Печальнее всего то, что Кунигунда утратила красоту и стала очень уродливая.
– Хороша она или дурна, – сказал Кандид, – я человек порядочный, и мой долг – любить ее по гроб жизни. Но как могла она дойти до столь жалкого, положения, когда у нас в запасе пять-шесть миллионов, которые ты ей отвез?
– Посудите сами, – сказал Какамбо, – разве мне не пришлось уплатить два миллиона сеньору дону Фернандо д'Ибараа-и-Фигеора-и-Маскаренес-и-Лампурдос-и-Суса, губернатору Буэнос-Айреса, за разрешение увезти Кунигунду? А пират разве не обчистил нас до последнего гроша? Этот пират провез нас мимо мыса Матапан, через Милое, Икарию, Самое, Петру, Дарданеллы, Мраморное море, в Скутари. Кунигунда и старуха служат у князя, о котором я вам говорил, я – невольник султана, лишенного престола.

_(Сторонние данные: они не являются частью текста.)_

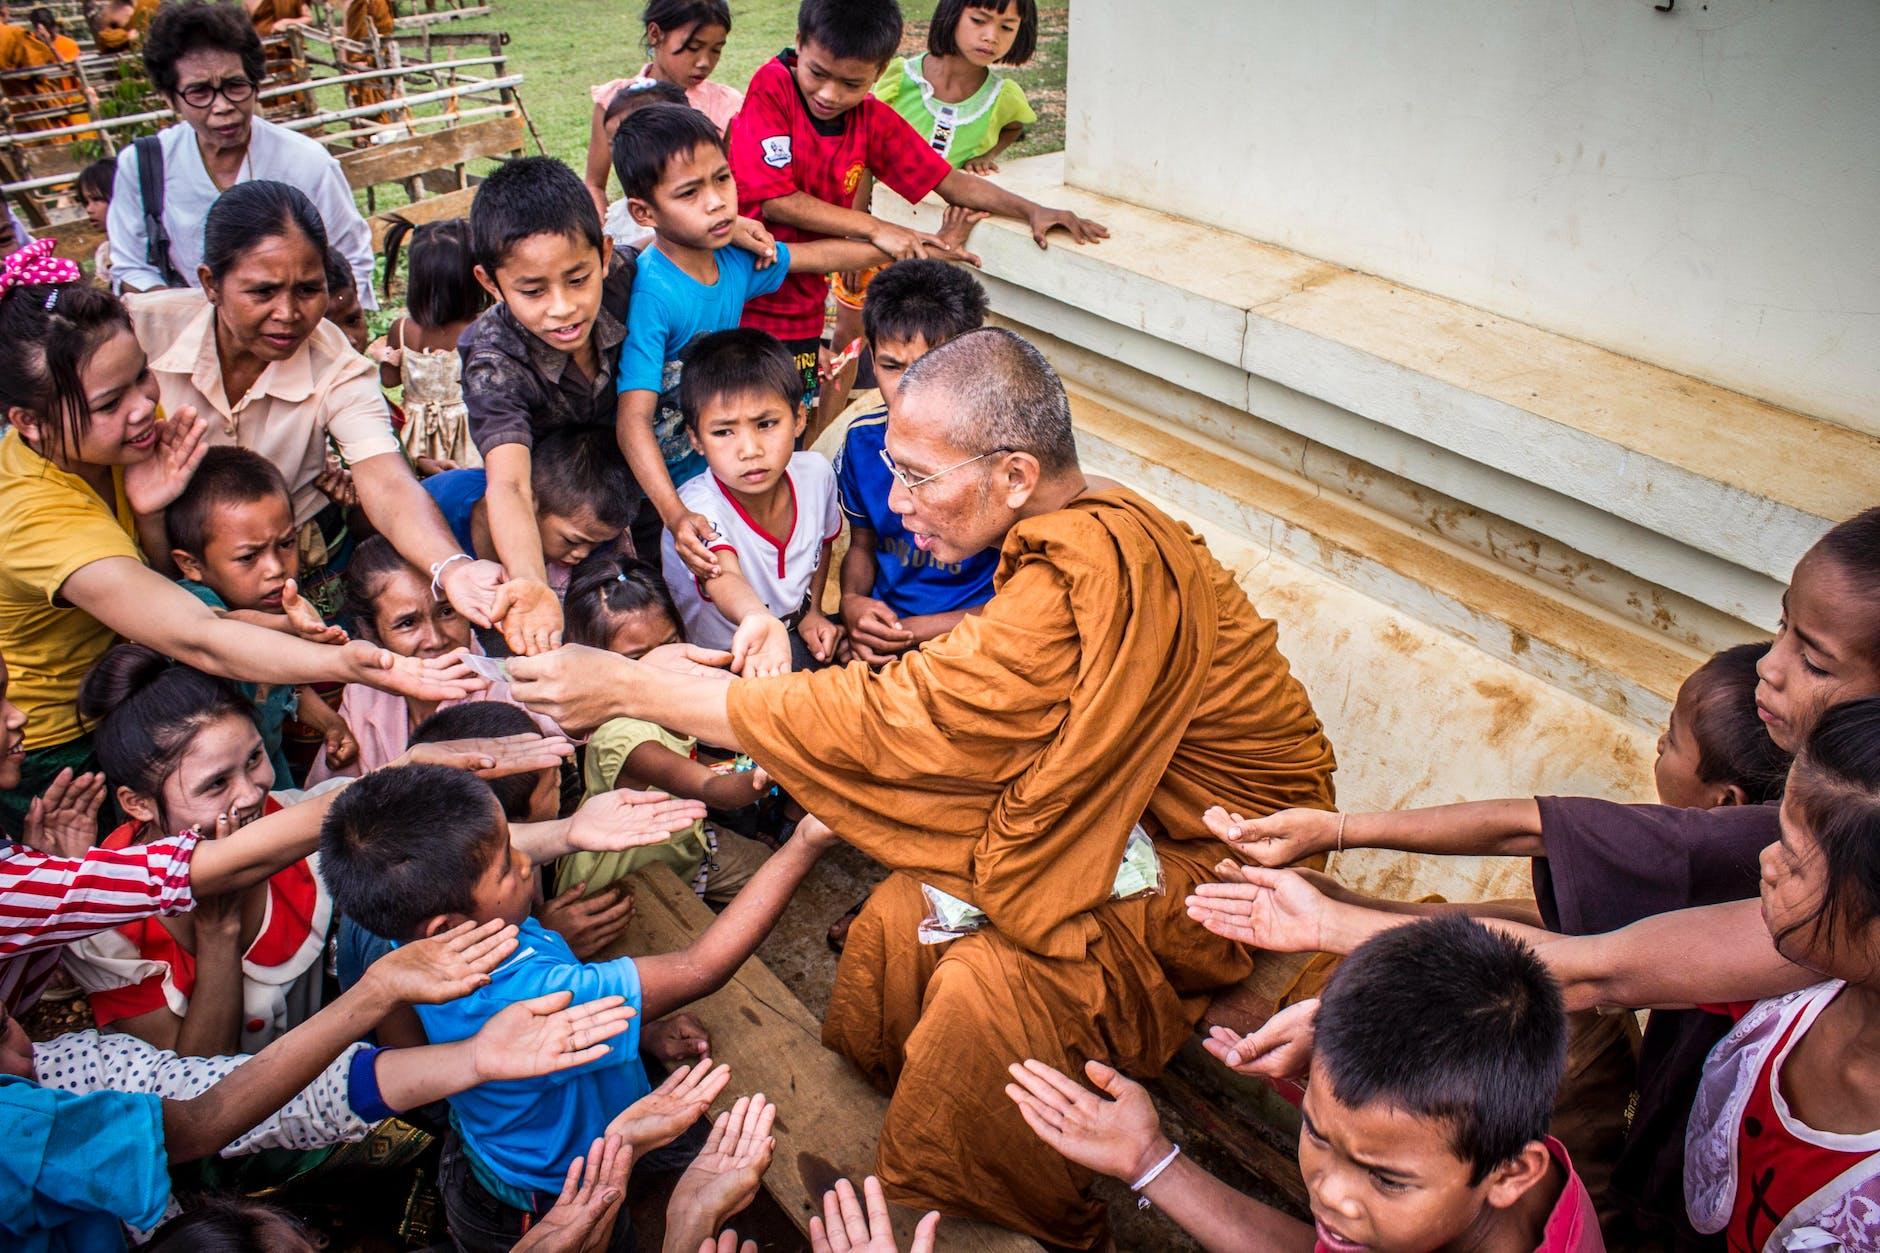 Law of Generosity laws of karma

– Что за ужасное сцепление несчастий! – сказал Кандид. – Но все-таки у меня еще осталось несколько брильянтов. Я без труда освобожу Кунигунду. Как жаль, что она подурнела! – Потом, обратясь к Мартену, он спросил: – Как по вашему мнению, кого следует больше жалеть – императора Ахмета, императора Ивана, короля Эдуарда или меня?
– Не знаю, – сказал Мартен. – Чтобы это узнать, надо проникнуть в глубины сердца всех четверых.
– Ах, – сказал Кандид, – будь здесь Панглос, он знал бы и все разъяснил бы нам.
– Мне непонятно, – заметил Мартен, – на каких весах ваш Панглос стал бы взвешивать несчастья людей и какой мерой он оценивал бы их страдания. Но полагаю, что миллионы людей на земле в сто раз более достойны сожаления, чем король Карл-Эдуард, император Иван и султан Ахмет.
– Это вполне возможно, – сказал Кандид.
Через несколько дней они достигли пролива, ведущего в Черное море. Кандид начал с того, что за очень дорогую цену выкупил Какамбо; затем, не теряя времени, он сел на галеру со своими спутниками и поплыл к берегам Пропонтиды на поиски Кунигунды, какой бы уродливой она ни стала.
Среди гребцов галеры были два каторжника, которые гребли очень плохо; шкипер-левантинец время от времени хлестал их кожаным ремнем по голым плечам. Кандид, движимый естественным состраданием, взглянул на них внимательнее, чем на других каторжников, а потом и подошел к ним. В их искаженных чертах он нашел некоторое сходство с чертами Панглоса и несчастного иезуита, барона, брата Кунигунды. Сходство это тронуло и опечалило его. Он посмотрел на них еще внимательнее.
– Послушай, – сказал он Какамбо, – если бы я не видел, как повесили учителя Панглоса, и не имел бы несчастья самолично убить барона, я подумал бы, что это они там гребут на галере.
Услышав слова Кандида, оба каторжника громко вскрикнули, замерли на скамье и уронили весла. Левантинец подбежал к ним и принялся стегать их с еще большей яростью.
– Не трогайте их, не трогайте! – воскликнул Кандид. – Я заплачу вам, сколько вы захотите.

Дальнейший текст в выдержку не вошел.